Data:

- Opening Delimiter -

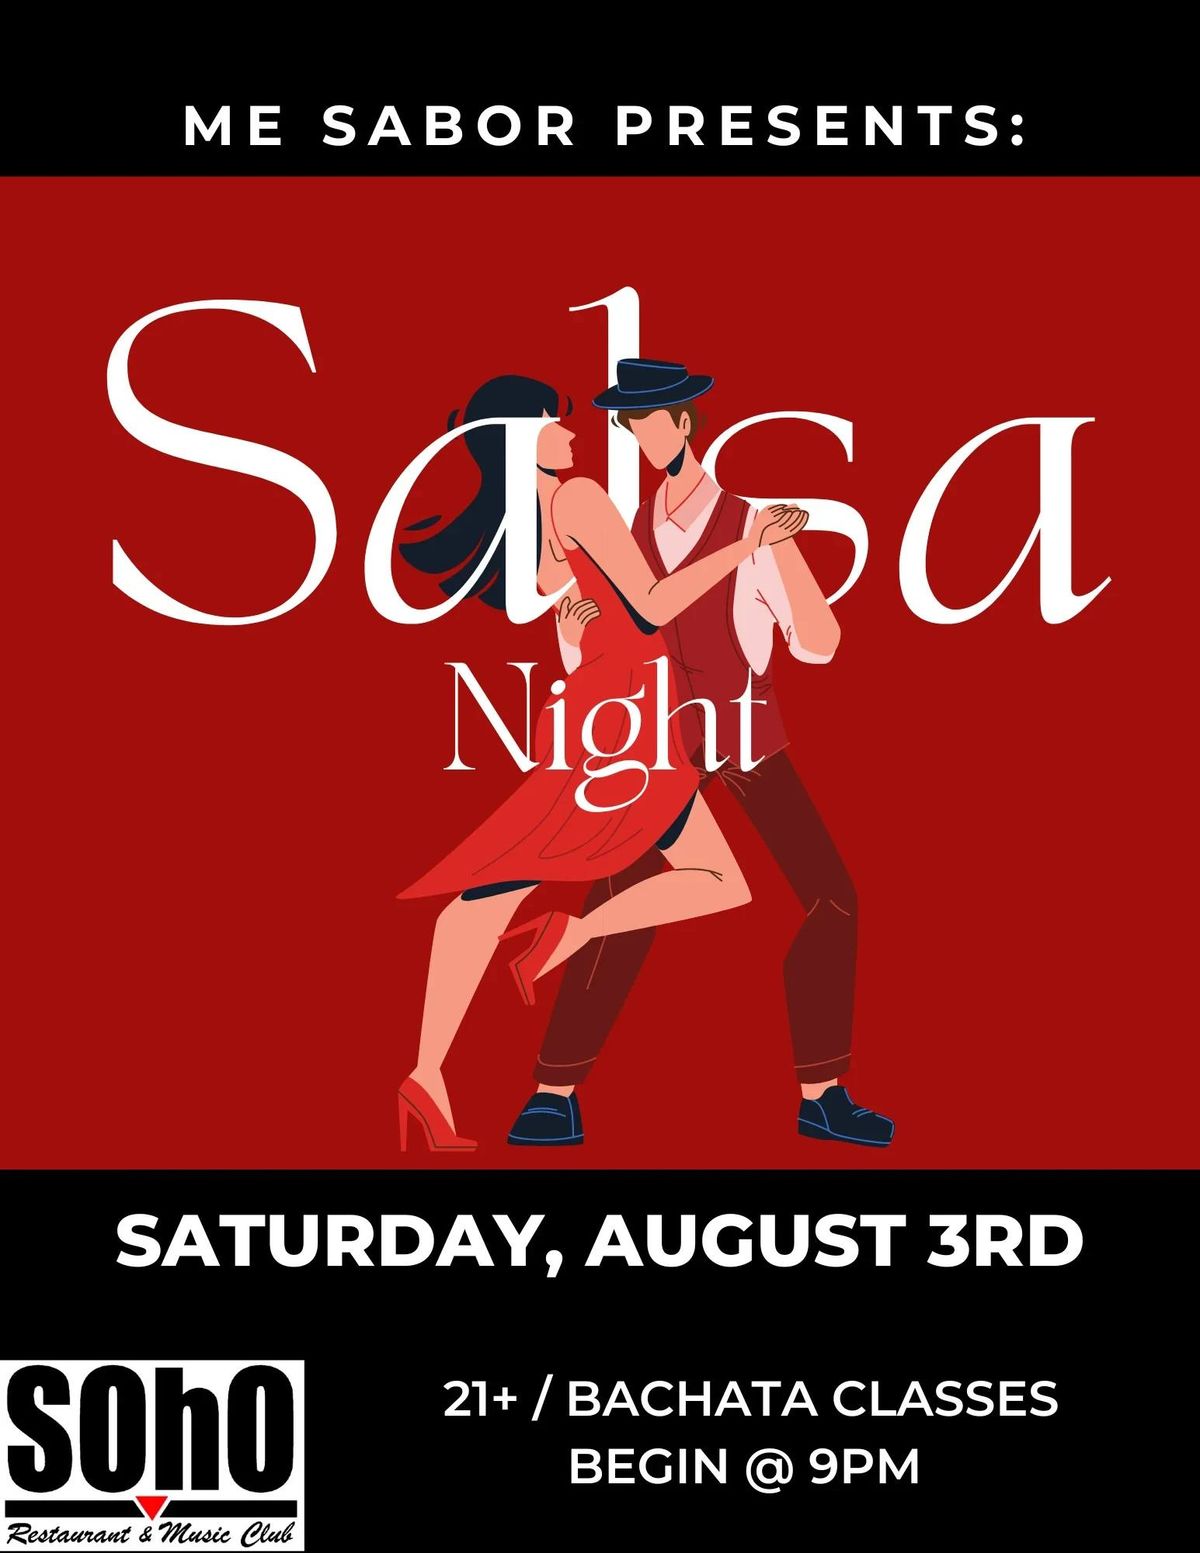 Me Sabor presents Salsa Night
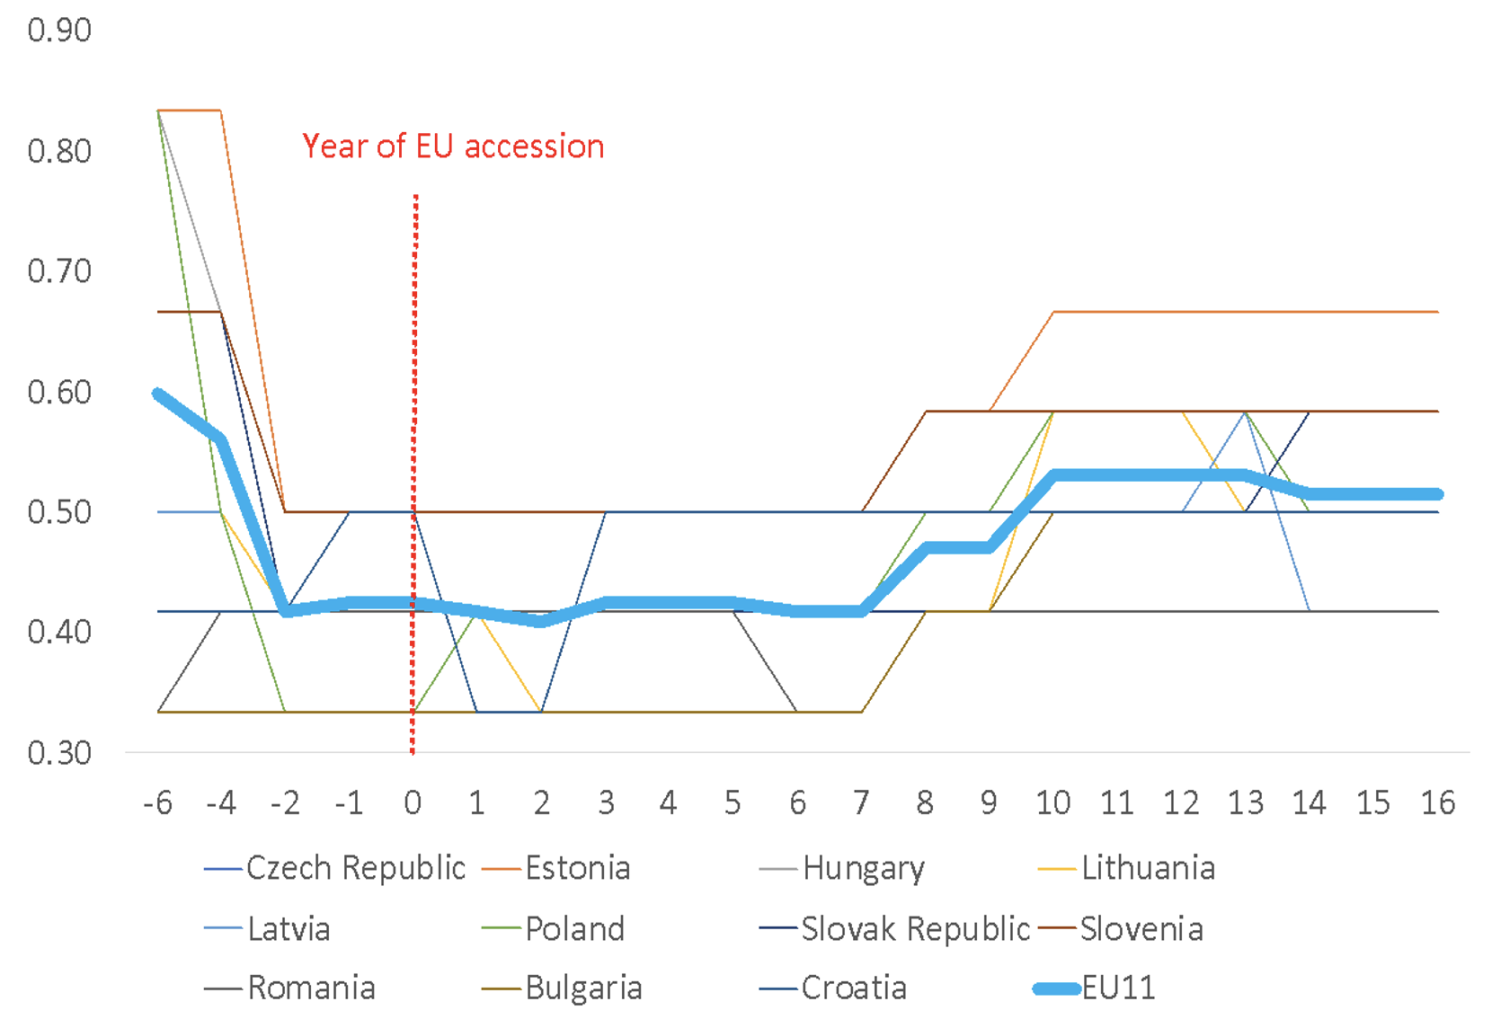 Figure 3 Corruption indicators in the EU accession process
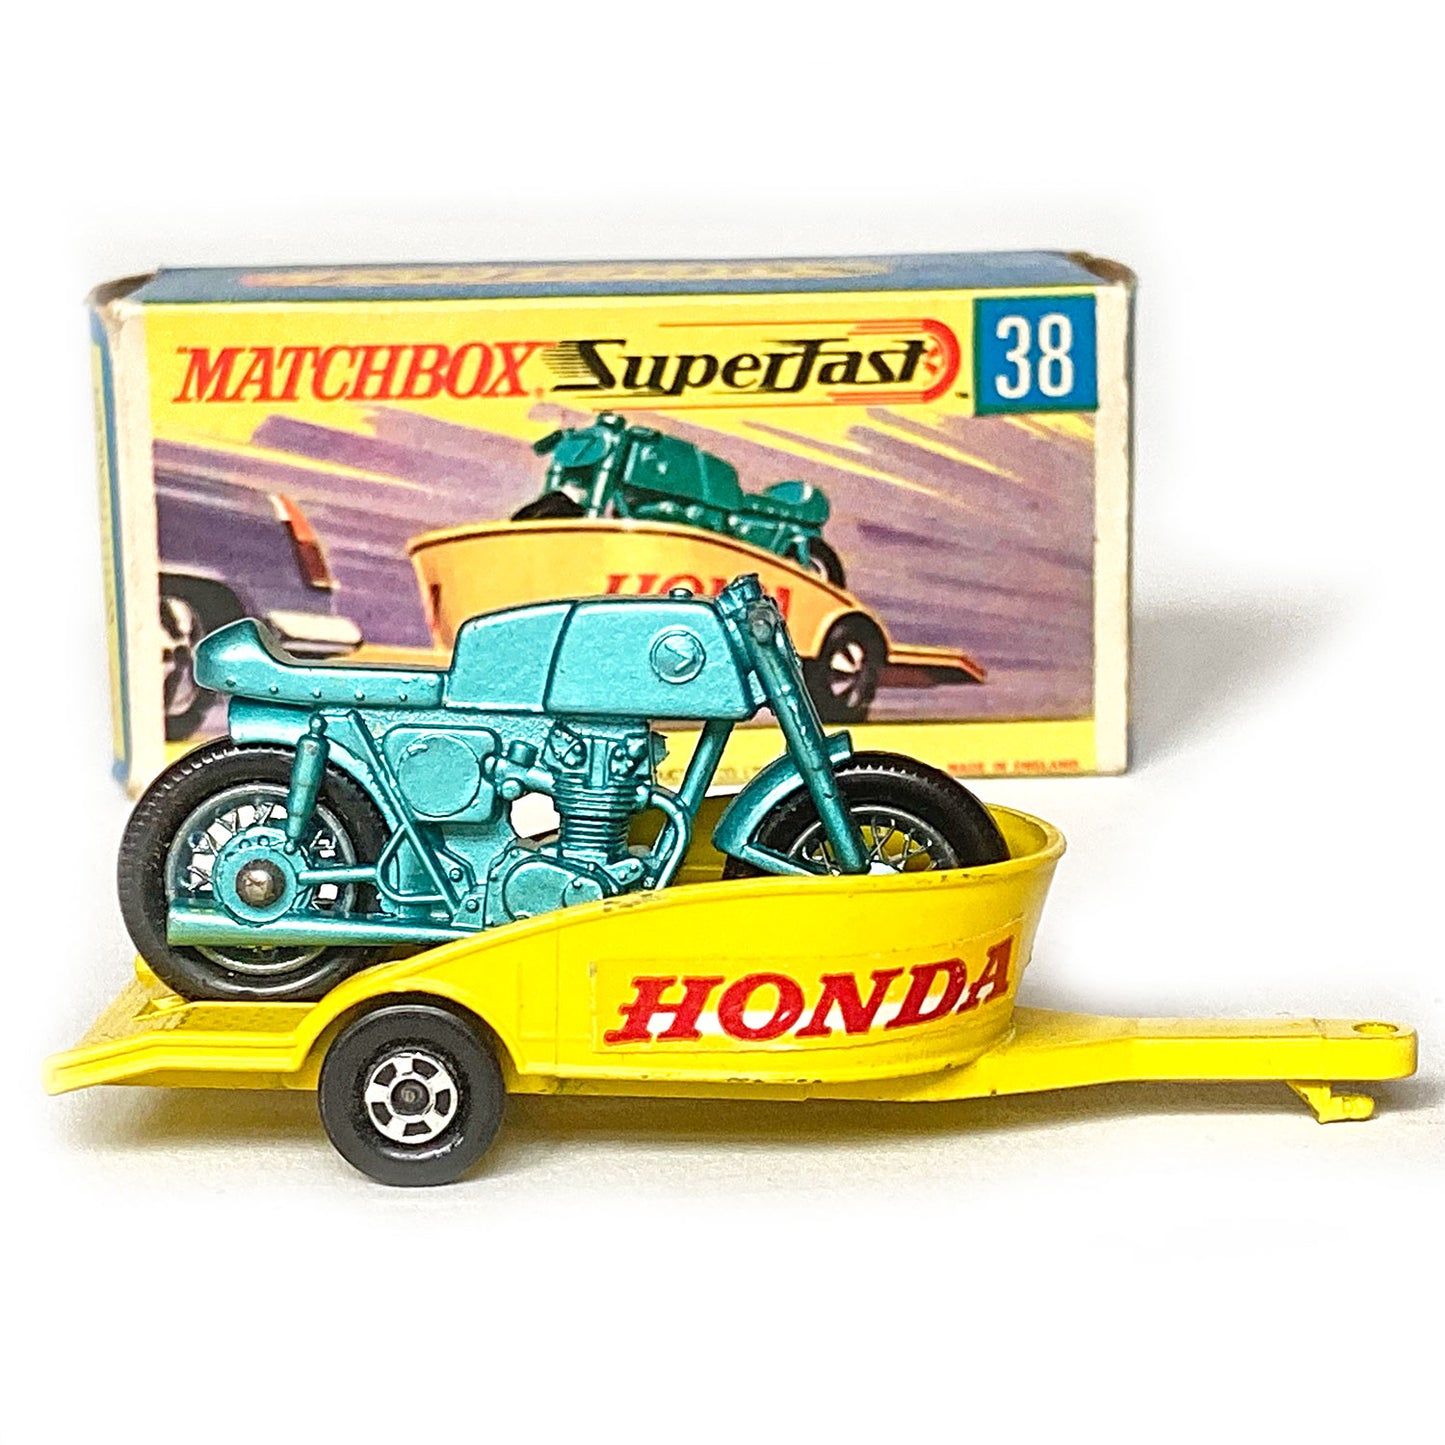 Matchbox Superfast Honda race bike and trailer, MB38, near mint, 1968

- Closing Delimiter -

Task description: Print the data word for word and omit the pictures.

Exercise output:
 Me Sabor presents Salsa Night
 Figure 3 Corruption indicators in the EU accession process
 Matchbox Superfast Honda race bike and trailer, MB38, near mint, 1968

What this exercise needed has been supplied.